See
https://docs.openstack.org/nova/latest/contributor/process.html#overview
for details about our blueprint process.

** Changed in: nova
       Status: New => Won't Fix

** Changed in: nova
   Importance: Undecided => Wishlist

** Changed in: nova
       Status: Won't Fix => Invalid

-- 
You received this bug notification because you are a member of Yahoo!
Engineering Team, which is subscribed to OpenStack Compute (nova).
https://bugs.launchpad.net/bugs/1745073

Title:
  Nova Compute unintentionally stopped to monitor live migration

Status in OpenStack Compute (nova):
  Invalid

Bug description:
  Description
  ===========

  There is the case that nova-compute unintentionally stop to monitor live 
migration although live migration operation thread is still running 
(_live_migration_operation).
  This cause the problem that nova-compute result in reporting "migration was 
succeeded" to Nova conductor and Nova compute periodic task try to delete all 
instance related information inside /var/lib/nova/instances/<instance-id> 
because live migration was succeeded from nova point of view.
  This could cause the problem of live migration and also this is led to 
misunderstanding for the status of live migration operation to the operator.

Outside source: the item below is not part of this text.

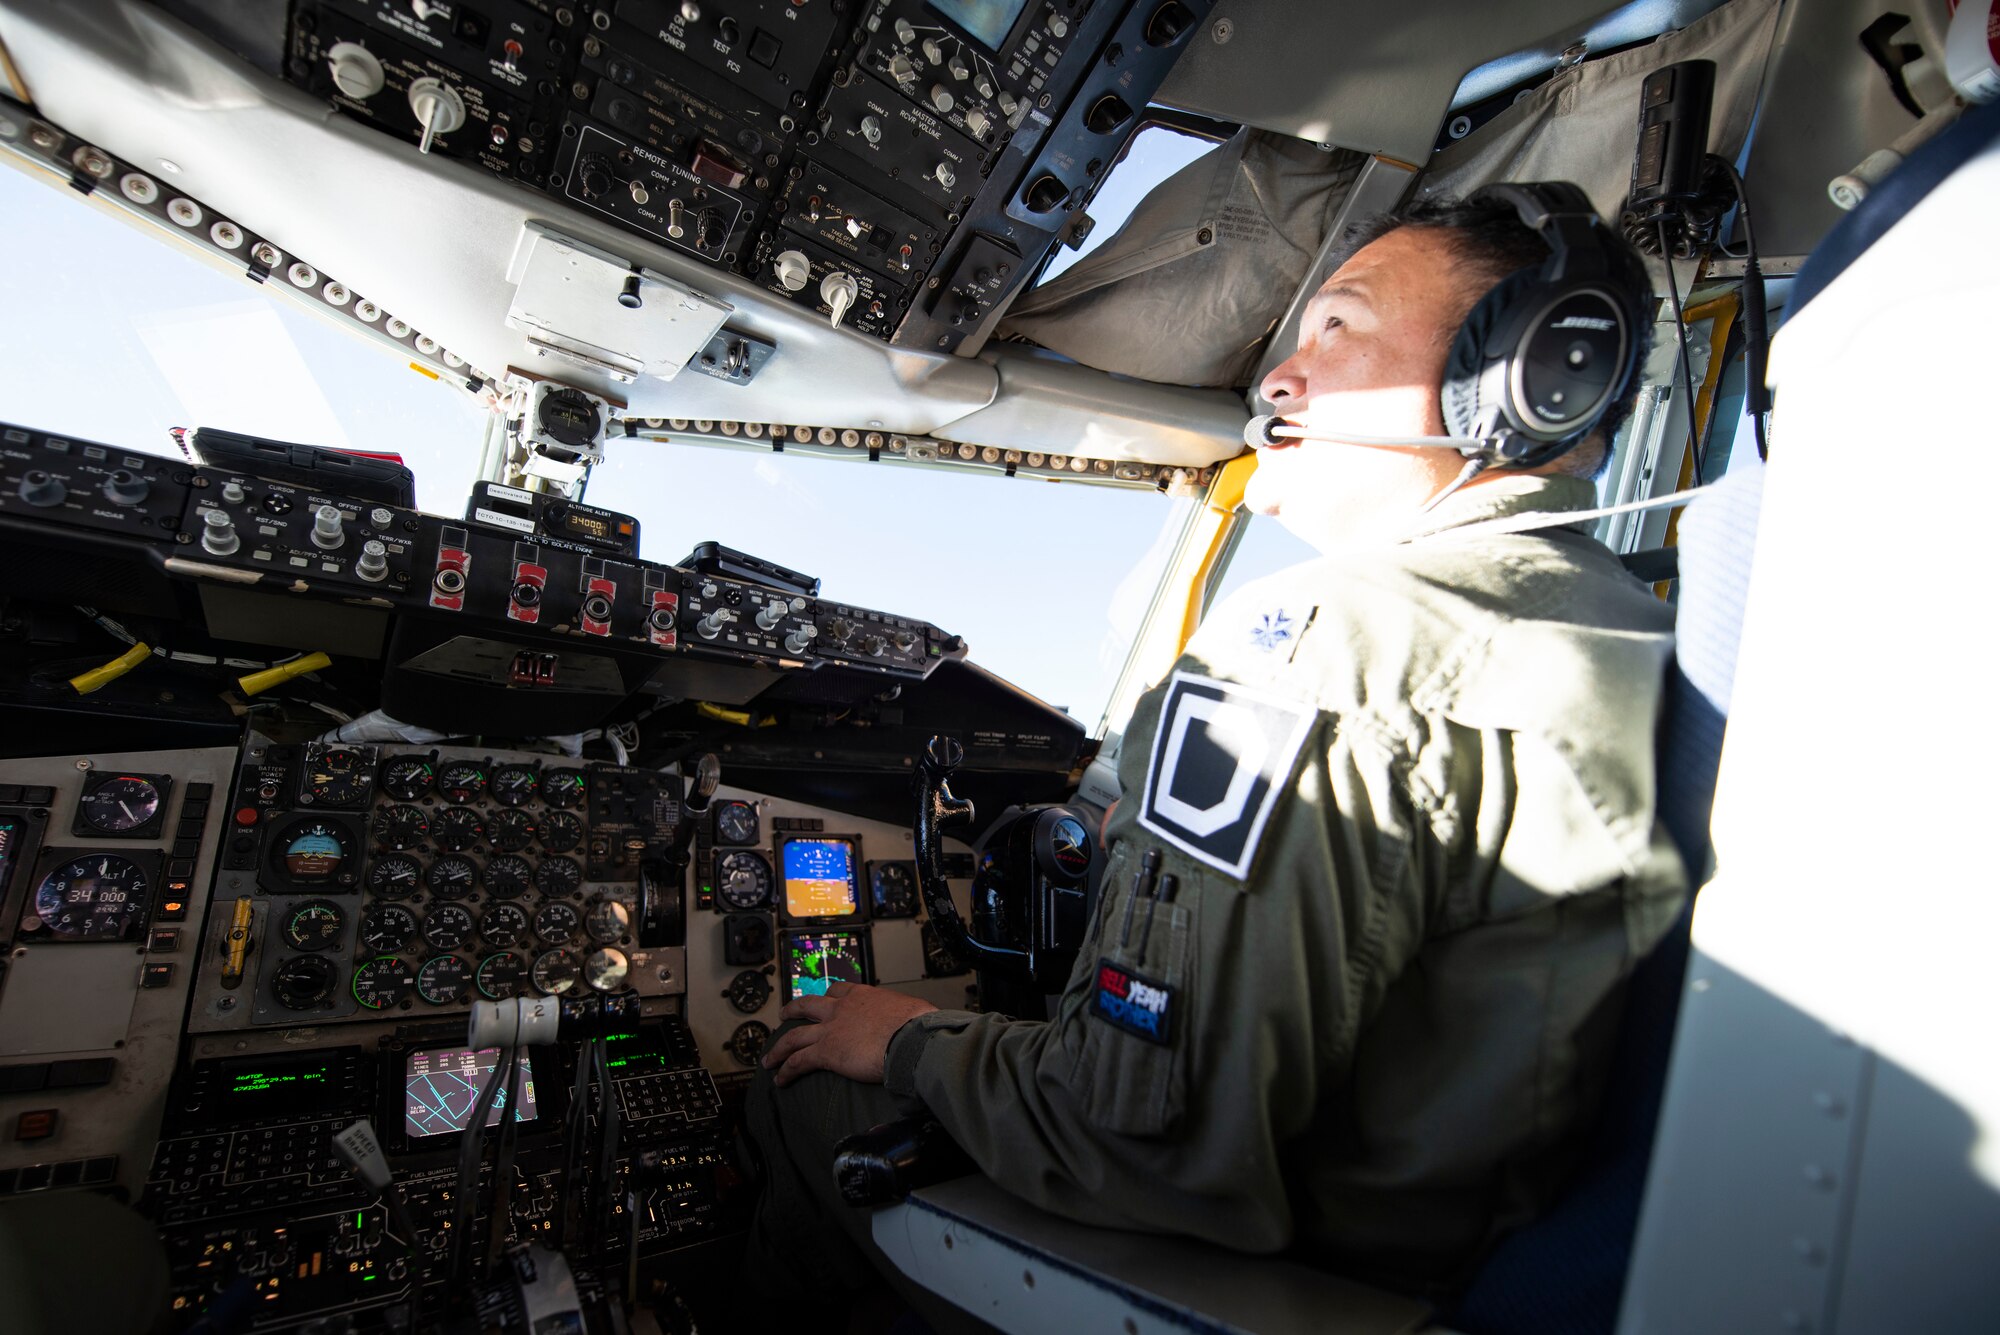 U.S. Air Force Lt. Col. Brian Barba, 351st Air Refueling Squadron director of operation and KC-135 Stratotanker pilot, flies a KC-135 assigned to the 100th Air Refueling Wing, RAF Mildenhall, England, after refueling a B-52H Stratofortress above the Mediterranean Sea in support of a Bomber Task Force Europe mission, Sept. 16, 2020. The B-52s are deployed to RAF Fairford, England, in support of joint and combined training with U.S allies and partners. (U.S. Air Force photo by Senior Airman Jennifer Zima)

  "So it must be better at least Nova compute monitor live migration
  during _live_migration_operation thread be running"

  Above case won't happen usually as long as libvirtd correctly maintain domain 
job information and correctly clean up after job is completed even if 
nova-compute won't check if live migration operation thread is finished or not.
  But If libvirtd couldn't maintain domain job information correctly or 
something happened in clean up phase, nova-compute could misunderstand live 
migration as successful although still in progress "obviously" because the 
_live_migration_operation thread is running.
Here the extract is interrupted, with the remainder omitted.